What did they think of Penang? Everyone agreed it had been a unique experience, and it was wonderful to see how closely the mixed cultures interact with each other.      “We didn’t know anything about Penang before,” Shaun explained. “It was an eye-opening experience. What we do know now is that the representation of Penang food overseas is poor.”



                Of course a key question was, “Of all the food that they had sampled so far, which was their favourite?” Interestingly enough, most of their answers were also quite similar. “Roti Canai,” was restaurateur Shaun Hergatt’s prompt response. He runs the Michelin-starred “SHO” in Broad Street. “The technique is amazing,” he continued, of course referring to the fascinating way this bread is tossed till it is paper-thin before being cooked on the hot griddle. “I’d like to bring someone with that skill to the US – he’d make a killing!”




                Chris Rendell, Executive Chef of Highlands Hospitality which owns two outlets in New York City serving Scottish food, said, “I loved this dish I tried, although I’m not sure how to pronounce it so I keyed in the name.” The two words proudly displayed on his i-Phone were “Hokkien Mee”. That, together with Curry Mee, Char Kuey Teow, belacan, sambal etc – it was fascinating to hear these names just trip off their tongues. How wonderful that these Matt Sallehs have taken to our local flavours with such enthusiasm.
                “I love the ambiance of the whole experience,” Chris added, quoting as an example partaking of their al fresco breakfast down a little alley somewhere in Pulau Tikus.

 Shaun also loved our Char Kuey Teow, although he felt the “quality of the cuisine superseded his first sight of the stalls”. I think it was a tactful way of saying that although at initial glance the surroundings didn’t look particularly salubrious, the food served there was actually quite tasty. He has, of course, hit the nail on the head: Malaysians will eat anywhere, providing the food tastes good.

                Getting hold of the more exotic Ingredients, they were adamant, would not be a problem, as they believed that 99% would be available in the US, particularly New York, although admittedly it would not be as fresh as what we get here.
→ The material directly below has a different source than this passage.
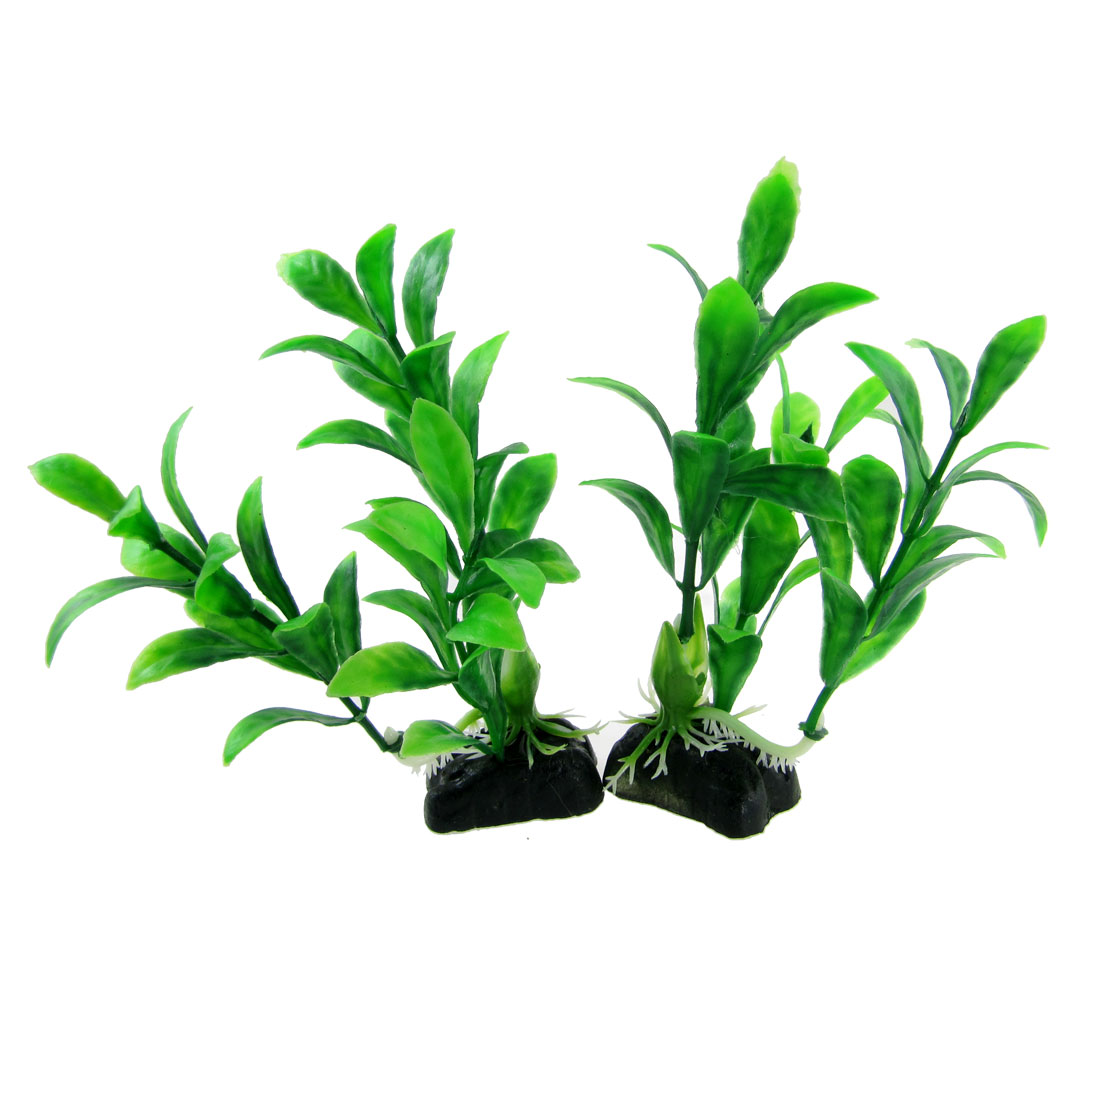 Aquarium-Fish-Tank-Green-Plastic-Plants-Decoration-2-6-x-4-9-2-Pcs

                An example was bananas, which when shipped to distant shores require treating with ethylene gas to force them to turn them yellow, as they would have been harvested very green. “Here they are so much tastier.” They also loved the fresh mangoes and mangosteens we get here. As for our much-loved durians, sadly, although they had tried it, the experience was not “very positive”.


                It’s all very well tasting and liking our food, but are they going to do something with it which, after all, was the main reason they had been brought here in the first place.


                Matt Lambert of Public, a gastropub in Elizabeth Street, said, “I loved the Crab Croquette we had at the Goh Huat Seng Teowchew Restaurant in Kimberley Street, “and I would like to try to replicate it.” This, he went on to say, would come under the “Hawker Food” part of his menu. Dale Talde, who is about to open his own Asian-American restaurant in Brooklyn, wants to offer Curry Mee and Hokkien Mee as soups on his menu.

                Interestingly enough, despite the recent listing of “Assam Laksa” as one of CNNGo’s Top 50 Foods, which was one of the three dishes they were taught to cook by a local cook, none of them felt inspired to add this to their menus. They did, however, find the Chicken Kari Kapitan and Sambal Prawns quite flavoursome.

                Will we see them back here? “In a heart beat!” We look forward to welcoming you back, guys, but in the meantime, please go forth and spread the news; tell America about our wonderful food.